Unidirectional Link Detection (UDLD) This features is used to detect unidirectional failures. Unidirectional failures are common with fiber-based connections where a pair of physically separated fiber strands represents the transmit and receive for the connection. If one of these fibers is damaged or broken, while the other fiber still operates okay, traffic can flow only in one direction. This introduces an unforeseen situation that was probably not anticipated by the designers of spanning tree. STP assumes that all links can send traffic in both directions, which is a reasonable assumption for any network connection that is useful. Having traffic being sent only in one direction can cause loops to form in a spanning-tree topology when a blocked spanning-tree port fails to received BDPUs from the designated bridge for the link, due to the failure of the receive fiber on the blocked port. After spanning-tree timers expire, the blocked port is placed into a forwarding state, generating a loop in the network. UDLD is designed to ensure a Layer 2 connection is bidirectional at all times by detecting unidirectional failures. If a unidirectional failure is detected, the switch places the port into an errDisable state to prevent spanning-tree loops from forming.
Port security Port security enables administrators to define a list of source MAC addresses permitted on a port and by default shuts down a port if a security violation, where a frame is received that contains an unauthorized MAC address, occurs. The fact that ports are disabled due to port security violations is often by design; the security policy of an organization might dictate that such an action is appropriate for a port security violation.
Other issues Other issues can cause a port to be placed into the errDisable state, including invalid GBICs (i.e., GBICs inserted manufactured by a non-Cisco approved manufacturer), excessive late collisions, duplex mismatches, link flapping, PAgP flapping, and Dynamic Host Configuration Protocol (DHCP) snooping rate-limiting.

Troubleshooting Steps

As with any problem that you might try to solve, you should take clear troubleshooting steps, depending on the issue you are trying to tackle. The following describes each of the troubleshooting steps you should take when trying to determine the cause of the errDisable state of a port:

Step 1.	Determine an issue exists
Step 2.	Determine why the port(s) were disabled
Step 3.	Resolve the issue(s)
Step 4.	Re-enable the port(s)

Each of these troubleshooting steps is now examined in detail.

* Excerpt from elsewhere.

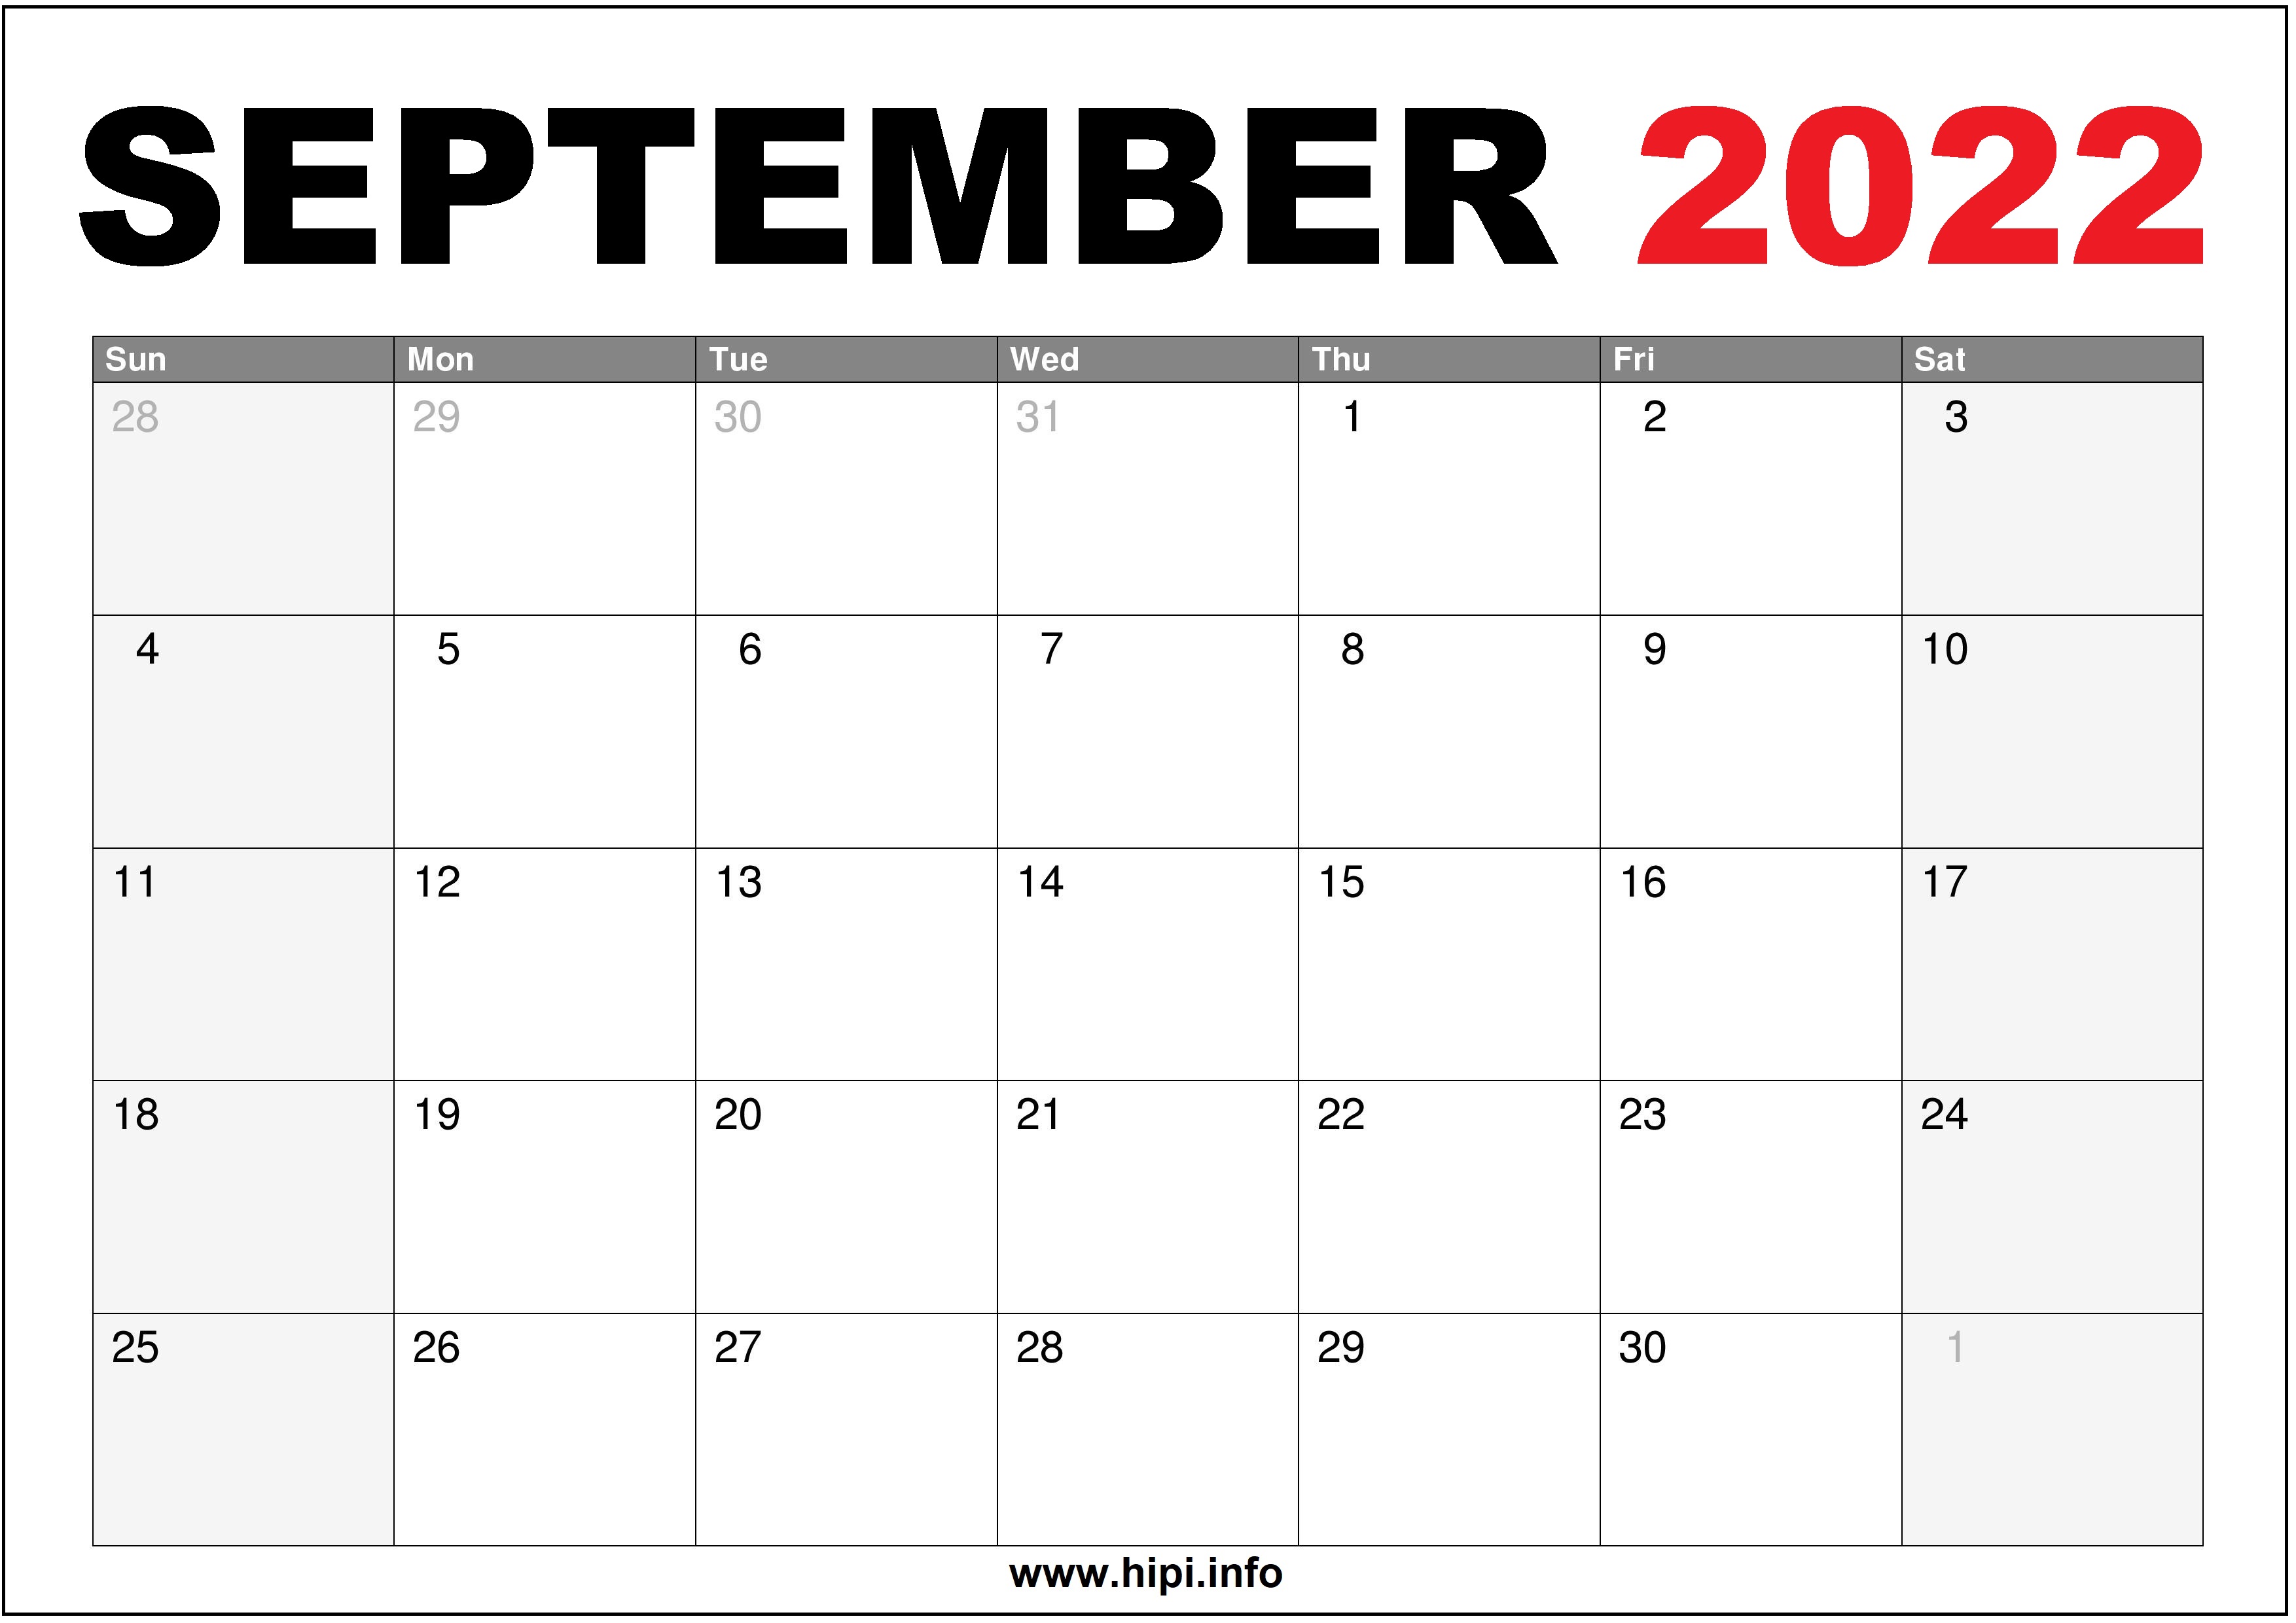 Calendar Template September 2022 Customize And Print

Step 1Determining an Issue Exists

When a port is placed into an errDisable state, the visibility of such an event to network operations personnel responsible for maintaining the network is important, so that the issue can be resolved and so that the port can be restored to an operational state. An errDisable event can be detected in several ways:

Port LED changes color from green to orange
Loss of functionality in the network
Notification via network management systems (e.g., SYSLOG messages or SNMP traps)

The first indication of a port being placed in the errDisable state is the physical status of the port as displayed on the switch itself. Cisco Catalyst switches include LEDs for each switch port, with a color of green indicating a port is connected and operating normally and a color of orange indicating the port has been placed into an errDisable state.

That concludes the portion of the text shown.